Block polymer synthesis has evolved considerably since the introduction and development of living anionic polymerization by Szwarc more than 50 years ago (*12*). Numerous strategies that enable the covalent connection of two or more polymer blocks have been developed, including sequential addition of distinct monomers to an active polymer chain, chain-coupling strategies, and transformations of polymer end groups to accommodate diverse and often incompatible polymerization mechanisms. Chemical connectors that link together more than two chains are increasingly available as evidenced by the heroic syntheses of a 31-arm starblock pentapolymer (*k* = 5, *n* = 31) (*13*). In principle, all of the structures depicted in Fig. 1 could be prepared with arbitrary choice of block constituents using modern polymerization methods and polymer functionalization strategies, including numerous controlled radical, ring-opening, metal-catalyzed, and ionic polymerizations, often in combination with highly selective and efficient functional-group transformation techniques (*14*, *15*).

Modern block polymer molecular design is driven by the intended applications. For example, a thermally stable and mechanically robust membrane endowed with a dense array of specifically sized nanopores necessitates a combination of glassy, ductile, and chemically etchable (or cleavable) blocks (*16*). Biocompatibility further limits the possible ingredients. The associated segment-segment interaction parameters and optimal block architecture demand a carefully targeted synthetic strategy, possibly including multiple routes to the desired structure, drawn from an ever-expanding synthetic tool kit. Although high degrees of molecular uniformity are generally desirable, in most circumstances some level of imperfection (e.g., less than *n* blocks) and modest chain-length distribution can be tolerated [in fact, tailored dispersity represents a strategic design parameter (*17*, *18*)]; the goal is to build the appropriate structure in the most synthetically economical way possible.

Figure 2 illustrates routes to all possible sequences of a linear ABC terpolymer (*k* = 3, *n* = 3) designed to incorporate three complementary physical and chemical properties: (i) glassy poly(styrene) (PS), (ii) rubbery poly(isoprene) (PI), and (iii) chemically etchable and biorenewable poly(lactide) (PLA). Although only two of these three structures have been reported, PI-PLA-PS is certainly tractable on the basis of a related precedent (*19*).

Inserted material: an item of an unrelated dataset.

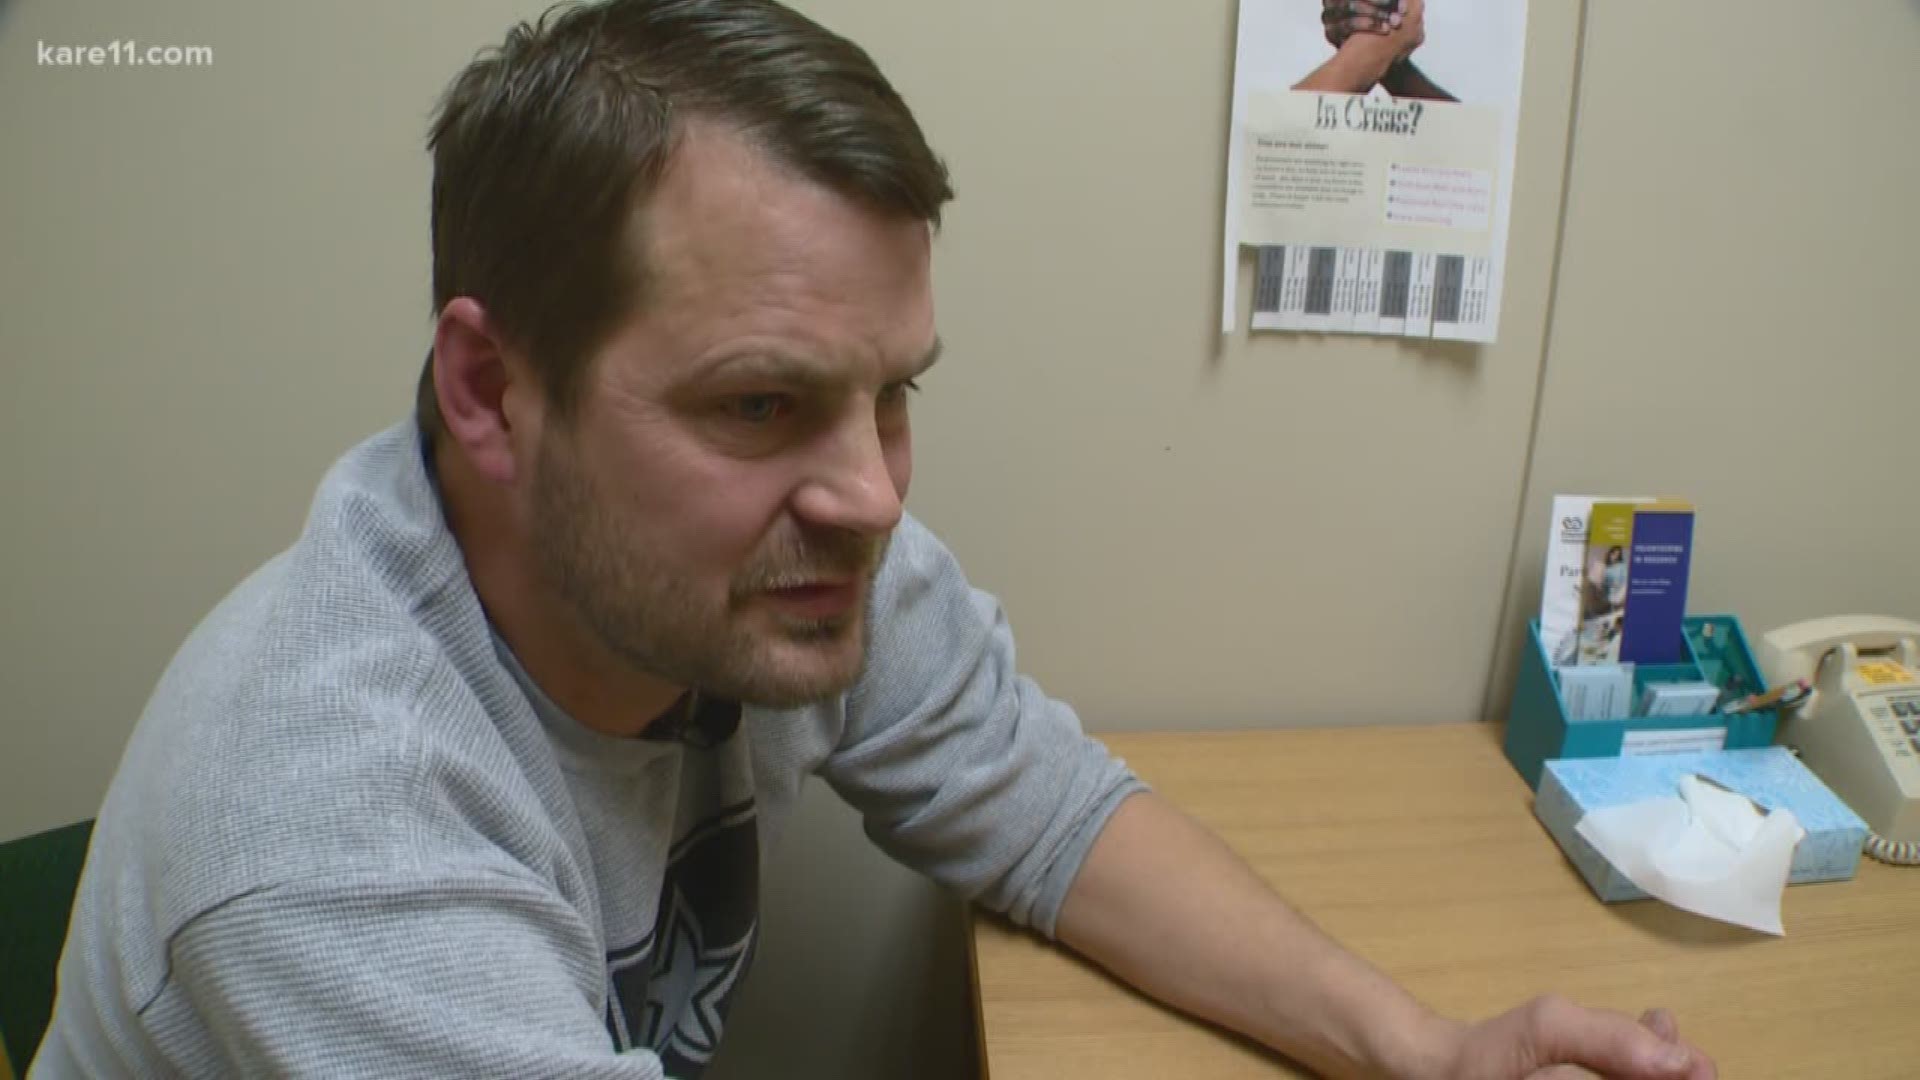 The University of MN and VA researchers are hoping to study more than 1000 Gulf War veterans to find a way to help the symptoms of Gulf War Syndrome and the resulting PTSD.

The synthetic strategies depicted in Fig. 2 require various combinations of ring-opening, anionic, and controlled radical polymerizations with concomitant end-group manipulations. In fact, the drive to larger *n* and *k* will almost certainly necessitate multiple polymerization mechanisms and functional-group manipulations, the order of which will depend on the desired block sequence. Complexity in ABC terpolymer systems is further increased by introducing the possibility of cyclic motifs and three-point junctions (miktoarm stars or brushes). Putting all the pieces together requires the continued development of efficient processes and realizable retrosynthetic analyses.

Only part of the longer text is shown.